## DATA FOR THIS TASK
******

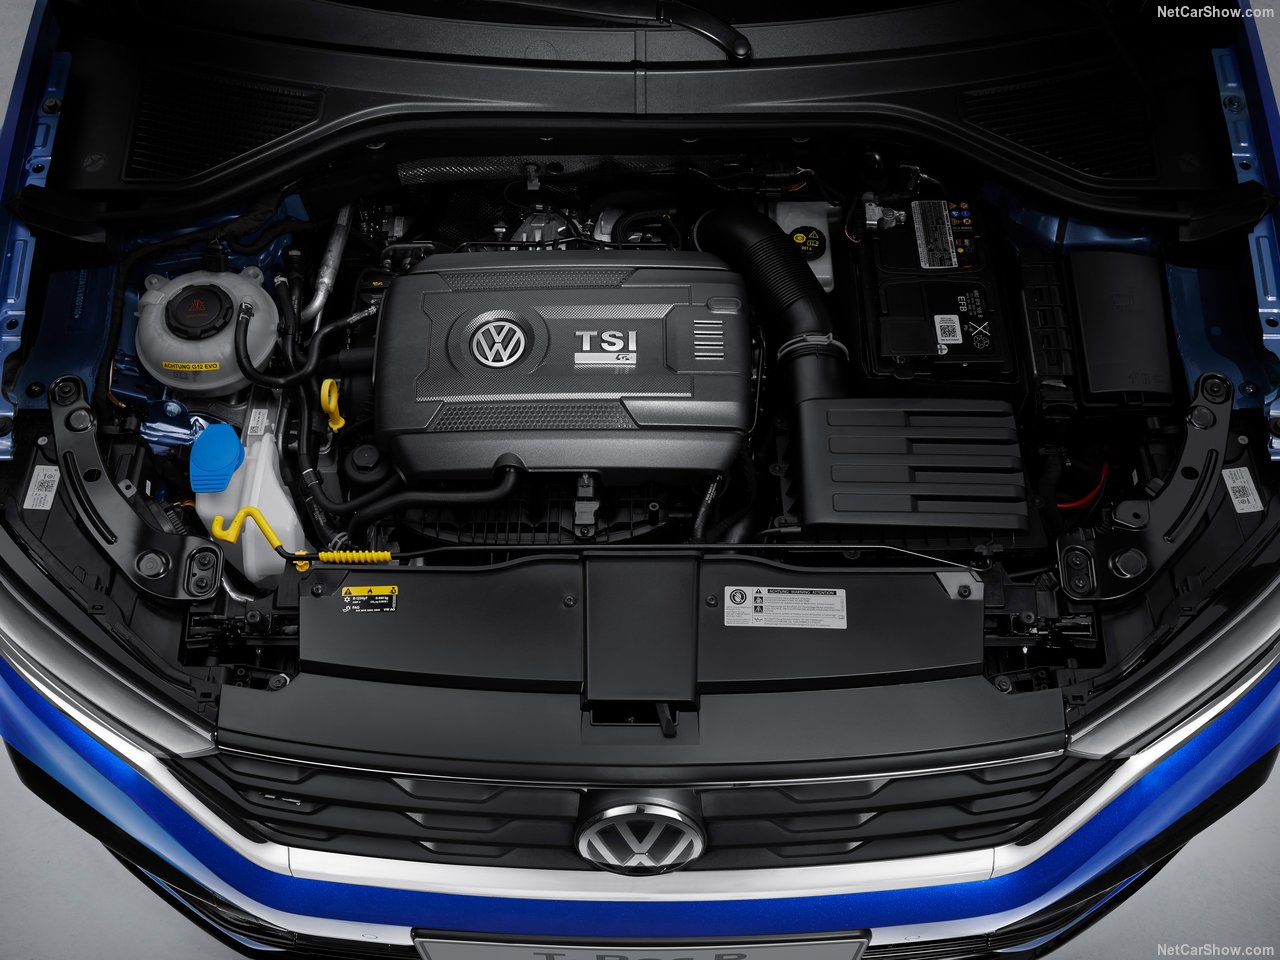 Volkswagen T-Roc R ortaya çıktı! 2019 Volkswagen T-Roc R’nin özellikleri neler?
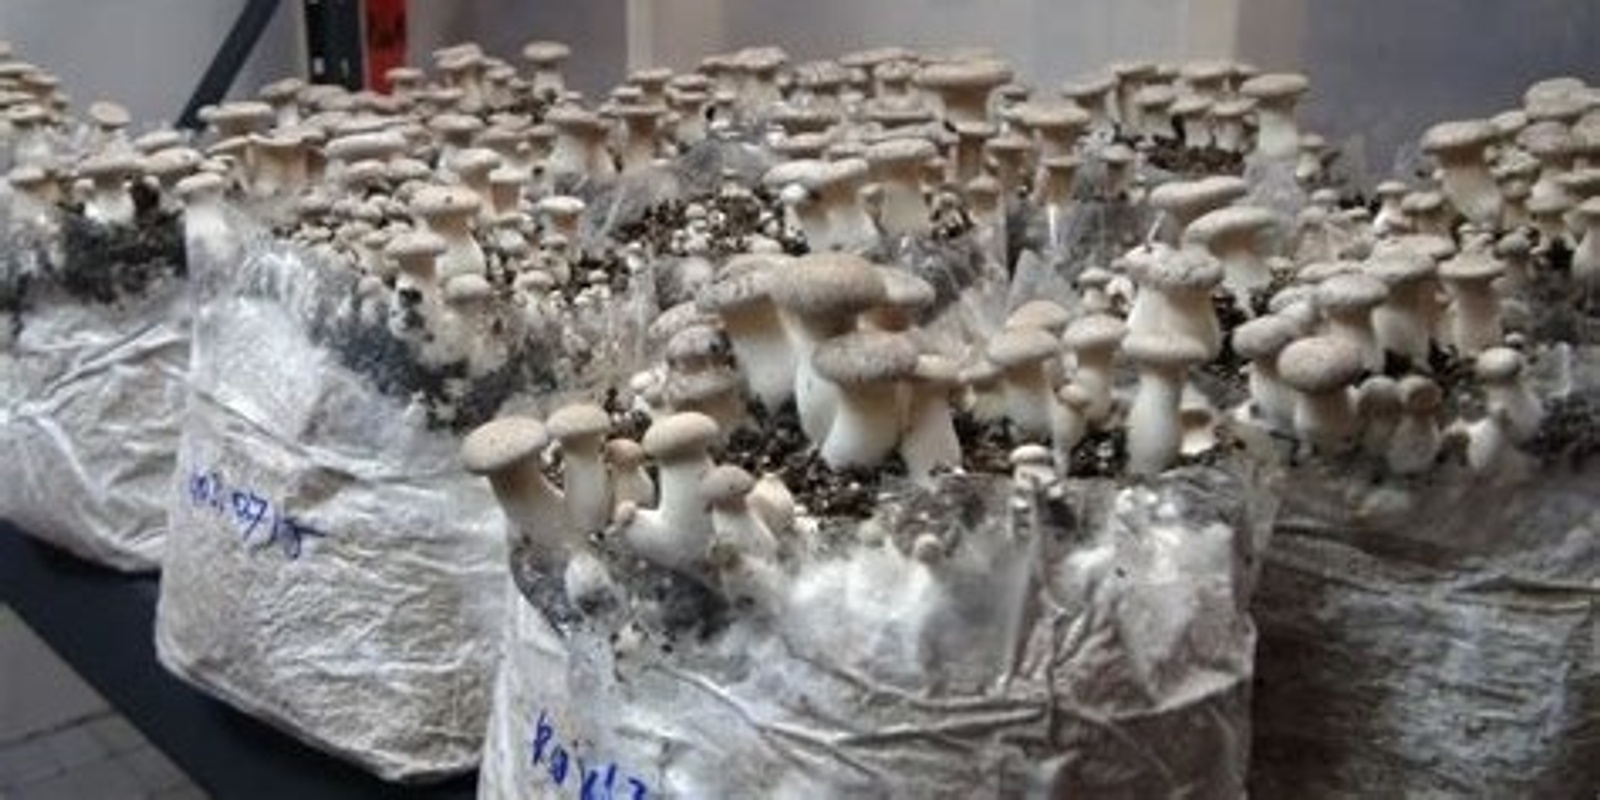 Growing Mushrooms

******

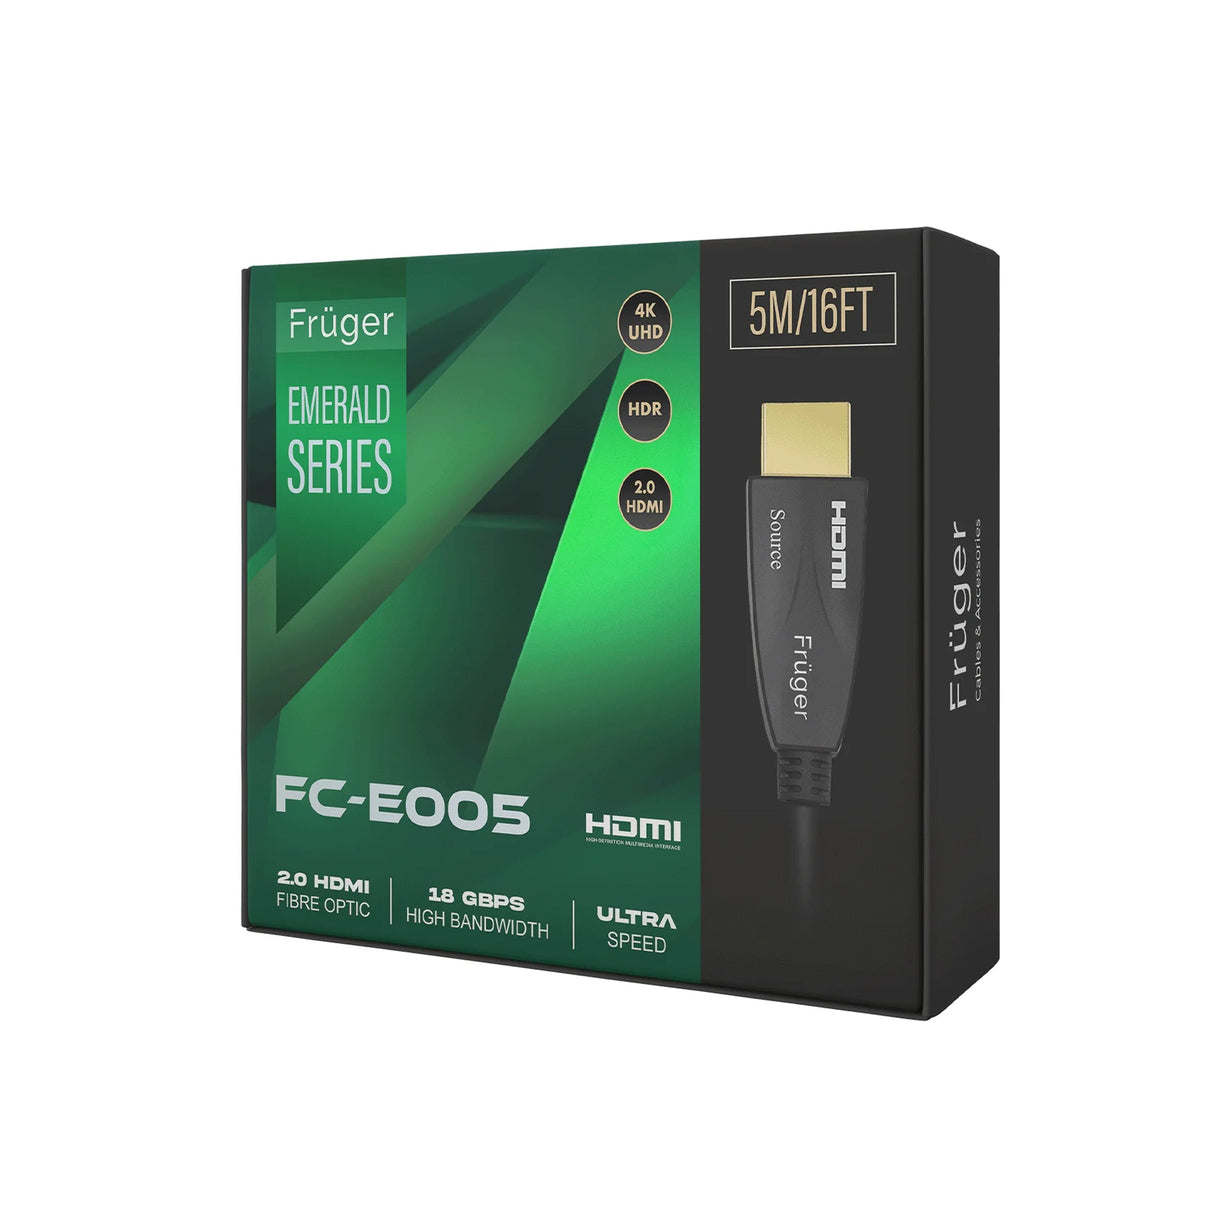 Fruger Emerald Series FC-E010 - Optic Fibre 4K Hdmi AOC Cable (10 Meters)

******

## TASK TO CARRY OUT
Pictures excluded, transcribe the listing above exactly from the line with "Volkswagen T-Roc R ortaya" through the line with "Growing Mushrooms", and no further.

## YOUR SOLUTION
 Volkswagen T-Roc R ortaya çıktı! 2019 Volkswagen T-Roc R’nin özellikleri neler?
 Growing Mushrooms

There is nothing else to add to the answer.